LEGO, texto de Jaime Conde Salazar

“Lego”, texto de Jaime Conde Salazar.
Publicado en Continuum
LEGO. Ex-Festival de Danza LP’11. Centre de Cultura Contemporania de Barcelona. 11 de marzo de 2011.




No es un teatro. Tampoco es el cubo blanco propio de galerías y museos modernos. Es un lugar intermedio que no acaba de ser nada en concreto y que, por tanto, puede ser aquello que más convenga según la situación. Además, tiene algo de espacio ocupado: LEGO utiliza el hall de entrada del CCCB, esto es, no hay estructuras sólidas y permanentes construidas para la ocasión: suelos, pilares, techos, rampas, puertas y demás estaban allí antes. El festival LP’11 simplemente ha aprovechado lo que había creando un dispositivo mínimo (unas cuantas sillas plegables colocadas (esta noche) en forma de u, dos discretas gradas y una barra de bar) y flexible que se puede mover y adaptar según sea necesario. No hay muros que cierren, ni espacios que atrapen a quienes hemos acudido a la cita.

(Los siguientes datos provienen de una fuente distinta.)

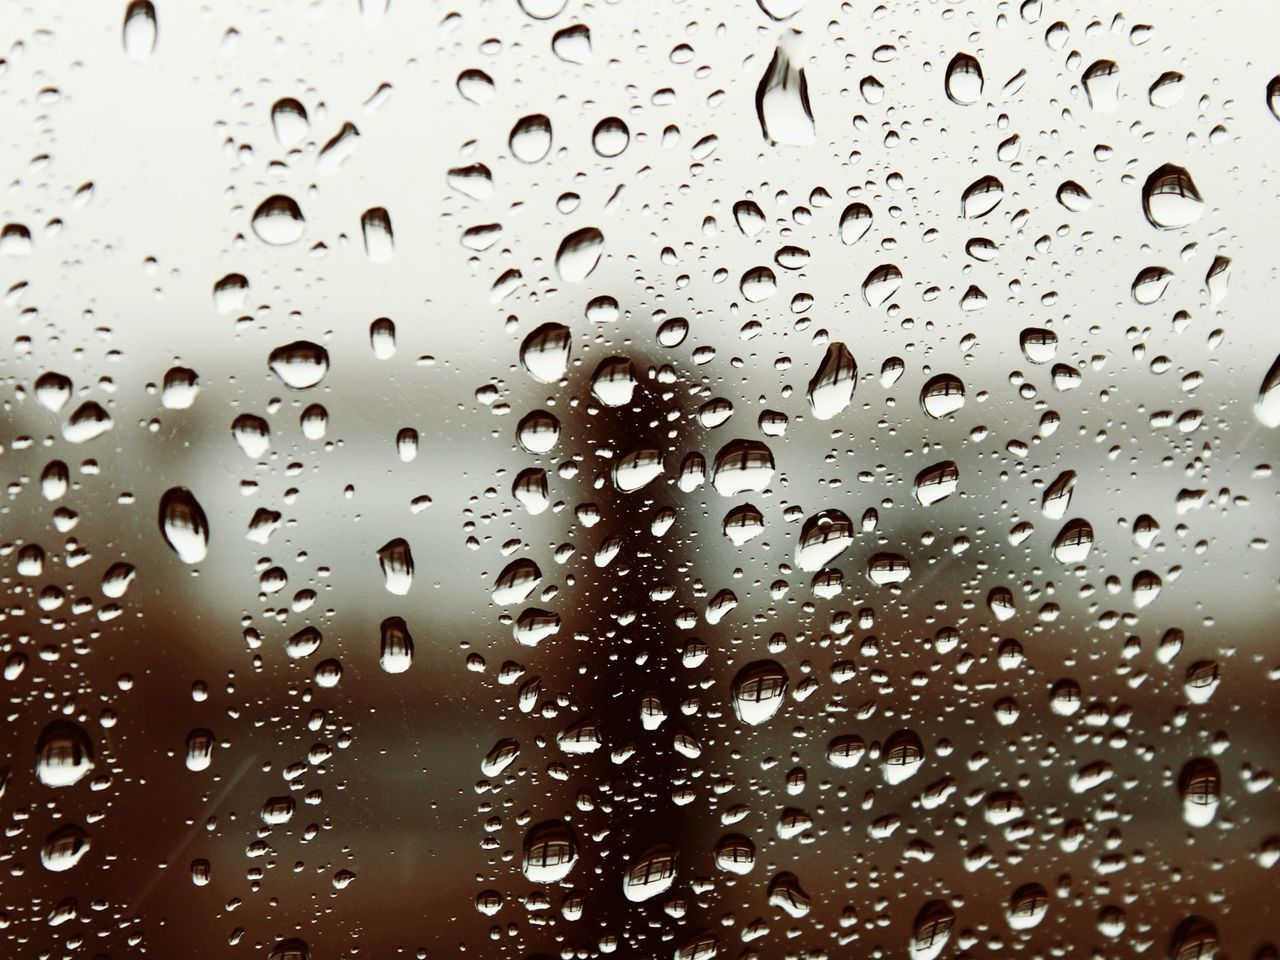 Raindrops #rainyday #water #ferry #relax #skyview #windscreen Droplets Drops Drops Of Rain Rain Drops Water Water Droplets Water Drops Water On Glass First Eyeem Photo

Nada establece una dirección privilegiada. Los espacios son permeables y se puede decidir cómo estar, qué hacer y hacia dónde mirar. Uno puede tomarse una caña, puede descansar en uno de los sillones del hall escuchando música, puede charlar sentado en las gradas, etc.  Pero este lugar tampoco es un bar o un café. La función es otra: en un principio, todos hemos acudido allí para asistir a la presentación de cuatro propuestas, y el dispositivo existe principalmente para que esto suceda. Lo curioso es que dichas propuestas, aun siendo el resultado de procesos, tiempos y planteamientos muy distintos, acaban por referirse al espacio en el ocurren. Finalmente parece que, más allá de las cuestiones concretas que cada artista se plantea, se trata de hablar de lo que el teatro, como tecnología de la representación, hace. O dicho de otra manera,  de lo que hacemos todos juntos (artistas, espectadores, organizadores, técnicos, etc.) allí congregados.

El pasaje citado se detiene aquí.